Perché non lo sapeva nemmeno lei.

Mi fa cenno di entrare ed io lo seguo in salotto.

«Vic!», urla per chiamarla.

Quando esce dalla sua camera e mi vede, rimane per un attimo scioccata.

«Damiano!»

Ma poi il mio nome esce dalle sue labbra come la musica più dolce che esista e attraversa la stanza correndo, rischiando anche di inciampare e cadere per terra. Mi si butta letteralmente addosso e mi abbraccia come non mi ha mai abbracciato prima.

Di sicuro non è la reazione che mi aspettavo.
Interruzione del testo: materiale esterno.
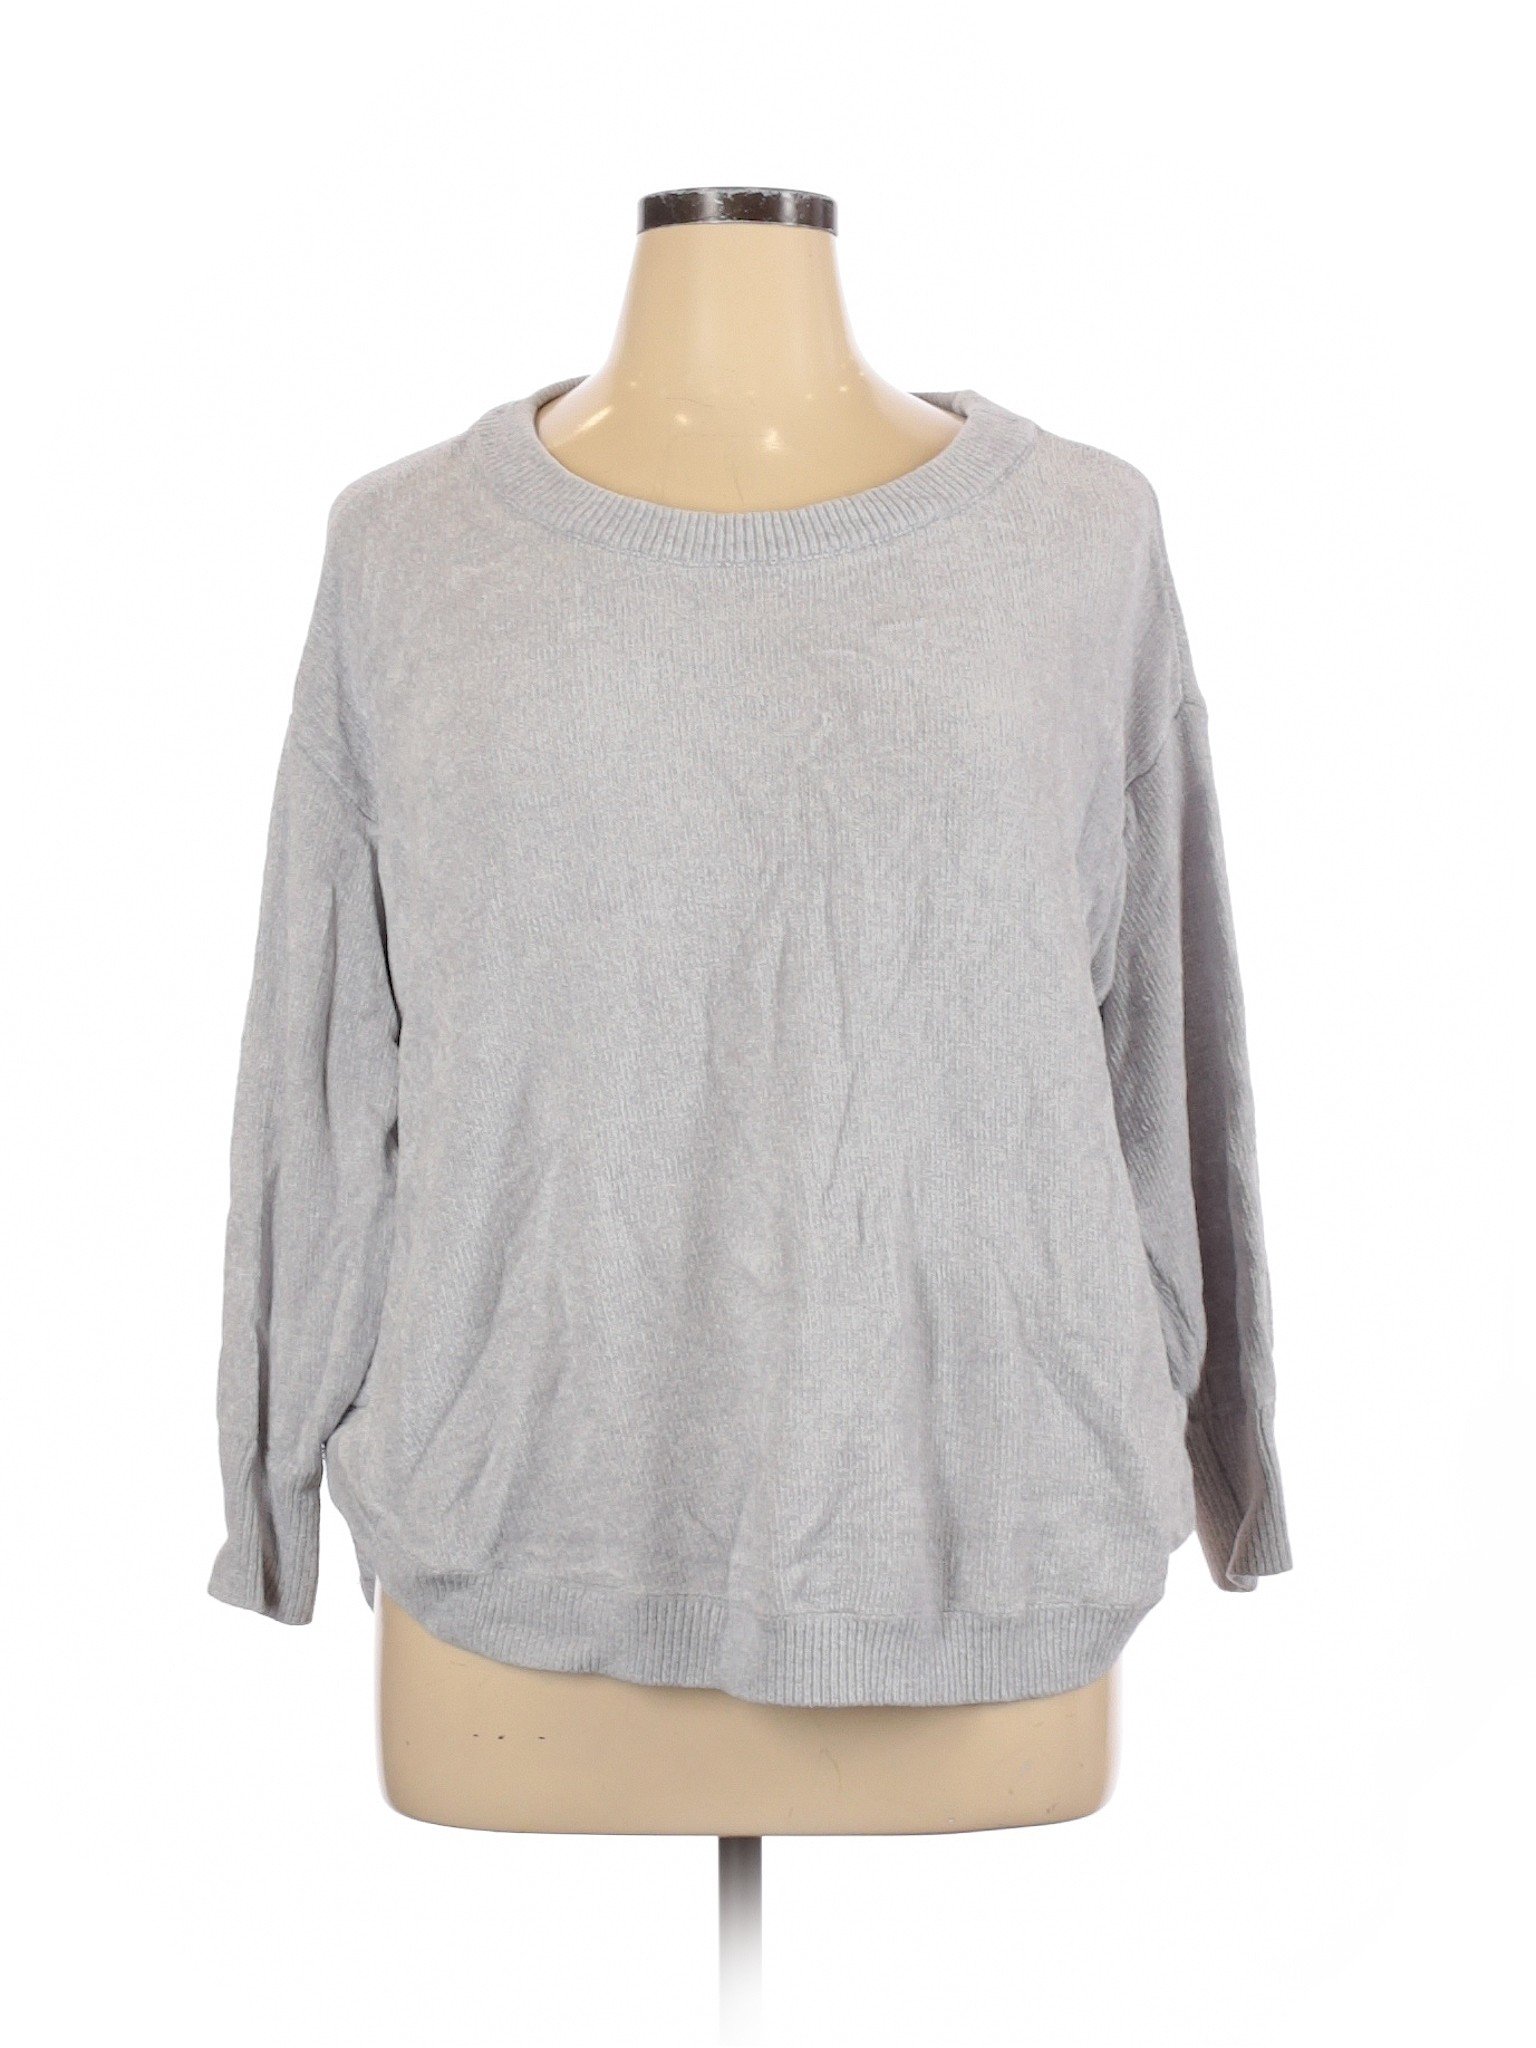 Lou & Grey Women Gray Pullover Sweater XL | eBay

Pensavo che mi avrebbe salutato e sorriso come al solito, giusto per non sembrare scortese davanti agli altri suoi compagni. Invece mi ritrovo le sue braccia attorno al collo, il viso affondato tra i suoi capelli, il suo profumo mi travolge, il suo sorriso e i suoi occhi luminosi fanno risplendere il sole anche nella più grigia giornata londinese.

«Anche per me è bello vederti», le dico ridendo.

«Cosa ci fai qui?»

Anche gli altri non riescono a nascondere il sorriso e continuano a guardarci come a dire "Non riuscite proprio a stare lontani voi due, eh?"

«Rimani a dormire qui?», mi chiede tutta eccitata.

«Sì, ma domani mattina devo assolutamente tornare in Italia, o Leo mi uccide.»

Tutte quelle ore passate ad immaginare la sua reazione al mio arrivo non sono servite a niente. Tutto mi aspettavo, ma non questo. Non riesco a non guardarle quegli occhi che brillano come due stelle celesti. Ha i capelli sciolti e più mossi del solito, e mi ricorda un po' la Victoria di tanti anni fa. E poi è completamente struccata, ed è perfetta. L'unica ragazza al mondo che riesce ad essere sexy anche indossando un enorme pigiama.

«Quindi resti solo per stanotte?»

Ed ecco tutta la felicità che scompare in meno di un secondo.

«Sì.»

«Mi sei mancato, lo sai?»

Ci guardiamo come se entrambi pensassimo esattamente la stessa cosa nello stesso momento, e cioè: eccoci qui, di nuovo, in questa strana storia che nessuno di noi due sa gestire. E mi sembra che si sia già alzato un muro a dividerci.

«Perché sei venuto?», mi chiede.

«Volevo vederti», rispondo. «Già non mi vuoi più? Sono appena arrivato.»

«Certo che ti voglio.»

«Bene, perché tanto non me ne sarei andato.»